Marketing Expert’s Survey Deemed In Danger of Prejudice For Failing To Consider Marketplace Conditions


Marketing Expert Witness

Court: United States District Court for the Eastern District of Missouri, Eastern Division
Jurisdiction: Federal
Case Name: Hain Blueprint, Inc. v. Blueprint Coffee, LLC
Citation: 2018 U.S. Dist. LEXIS 201886

Facts

The plaintiff, Hain, was a manufacturer, distribution, and marketer of non-alcoholic beverages. For its products, Hain used a series of marks containing the word “Blueprint”  and owned several registrations for marks, including “Blueprint,” “Blueprint Green,” “Blueprint Cleanse,” “BlueprintCleanse,” “BlueprintBar,” “BlueprintJuice,” and “BlueprintKit”.

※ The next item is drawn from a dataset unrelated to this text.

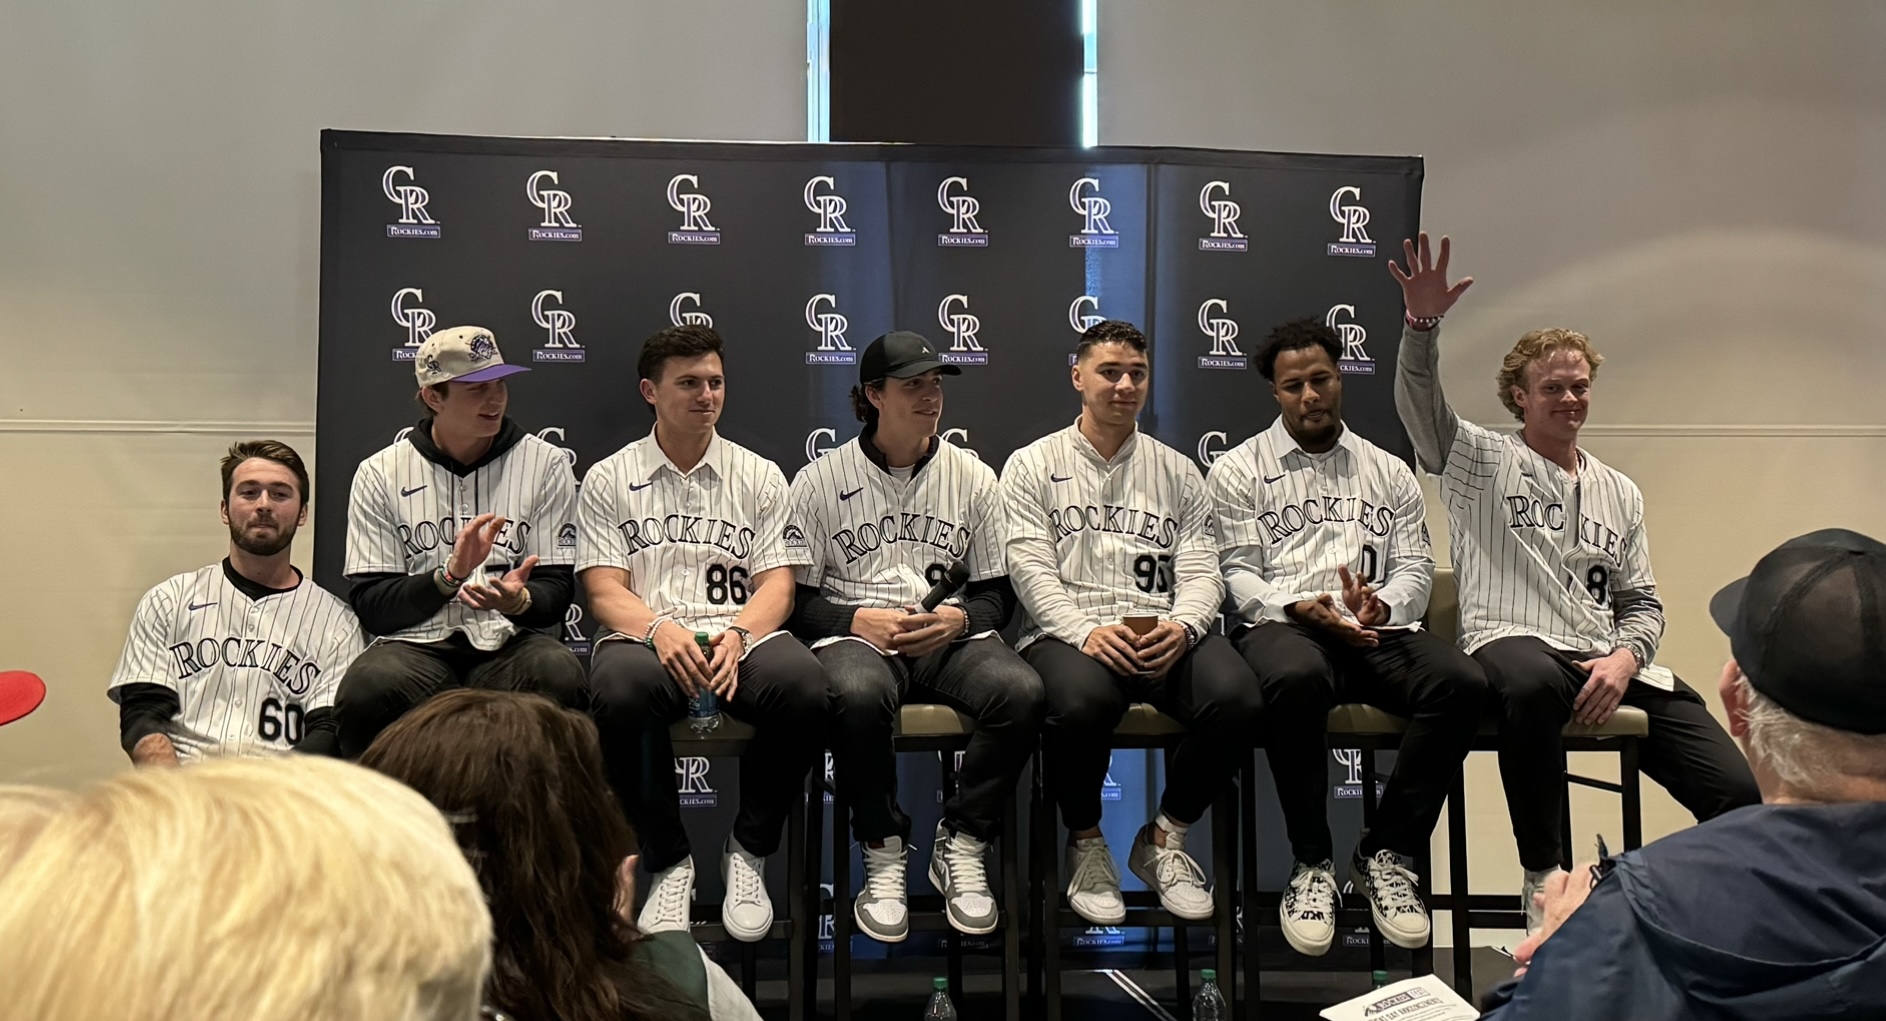 Sterlin Thompson, Zac Veen, Drew Romo, Chase Dollander, Gabriel Hughes, Jaden Hill, and Case Williams on the stage at RockiesFest. Each is wearing a purple-pinstripes Rockies jersey and sitting on a tall stool. They’re also wearing some very nice trainers.

In 2013, the defendant, Blueprint Coffee (BPC) inaugurated its first coffee shop in St. Louis, Missouri and began to sell specialty-grade coffee beans and coffee beverages under the mark  “Blueprint Coffee”. Blueprint Coffee moved an application for registration of a trademark “Blueprint Coffee”. Upon awareness of the defendant’s application, Hain moved a Notice of Opposition to the “Blueprint Coffee” mark and immediately afterwards, the plaintiff moved the instant three-count lawsuit against the Blueprint Coffee.

Both the plaintiff and the defendant sold their goods at Whole Foods Market grocery store locations in and around St. Louis as well as online. However, both parties opposed the specifics by which their goods were sold at Whole Foods Market and online. The defendant stated that the only goods it sold outside of its coffee shops were bagged whole-bean coffee, both at Whole Foods Market and online. The plaintiff’s trade, however, included the sale of its pre-bottled coffee- and fruit-containing beverages both online and at Whole Foods Market. The parties argued whether the plaintiff currently sold any coffee-containing beverage at Whole Foods Market.

Hain contended that in using the “Blueprint” mark, the defendant was liable both for trademark infringement and common law unfair competition. Hain moved for partial summary judgment on liability arguing that “it was not disputed that the plaintiff had the exclusive and nationwide rights to use the mark “Blueprint” in relation to the non-alcoholic beverages” and that “there was no actual conflict of substantial facts that the defendant used the identical term in its Blueprint Coffee mark in relation to the sale of identical goods.

The Expert

The plaintiff retained a marketing expert witness to conduct a consumer study for the case. The expert was a marketing professor with a Ph.D. from Northwestern University. The marketing expert described that her study “was carried out to ascertain whether customers at Whole Foods Markets would accept that a commodity having the BluePrint Coffee Mark belonged with the Blueprint line of refreshments and beverages.” The scope of the survey considered just one venue and one part of the defendant’s market i.e. its bagged whole-bean coffee goods sold at Whole Foods Markets.

The defendant moved to exclude the testimony and consumer study of the plaintiff’s marketing expert.

Courts Analysis

The defendant argued that the marketing expert’s study was not relevant because it was too inadequate in extent. The study was confined to “goods sold in grocery shops that feature organic, natural and healthy foods such as Natural Grocers, Whole Foods, Traders Joes, etc.” The study was too narrowly focused and, therefore, did not achieve the defendant’s main trade as a coffee shop with restricted online and retail businesses of its bagged whole-bean coffee. This restricted scope did not achieve the complete scale of the goods and services of the defendant nor its main distribution places.

Since the plaintiff and the defendant agreed that defendant’s main trade was its coffee shop services (with limited online business for its bagged whole-bean coffee), the study was just too small to be adequately connected to the defendant’s main trade. The defendant contended that the study provided no contextual mention of how customers would perceive the word “Blueprint”.

The defendant further contended that the study was too indicative in analyzing the plaintiff’s and defendant’s products with each other. The study questions seemed to induce readers into discovering a similarity based stringently on a similarity of name, instead of similarity of goods. Therefore, this moreover rendered the study an unreliable symbol of customer confusion.

Held

The court held that Daubert warned that Rule 403 of the Federal Rules of Evidence permitted the exclusion of relevant evidence “if its probative value was substantially outweighed by the danger of unfair prejudice, confusion of the issues, or misleading the jury.” On the basis of the above flaws, the court reasoned that the study, while marginally important in the restricted grocery store setting, would do more harm than good by confusing the issues, misleading the jury, and potentially wasting time.

The study did too little to entertain the opinions and views of those real customers of the defendant’s goods and services, and the real marketplace circumstances faced by those consumers, so as to significantly help the jury in ascertaining the likelihood of confusion.

The court granted the defendant’s motion to exclude the marketing expert.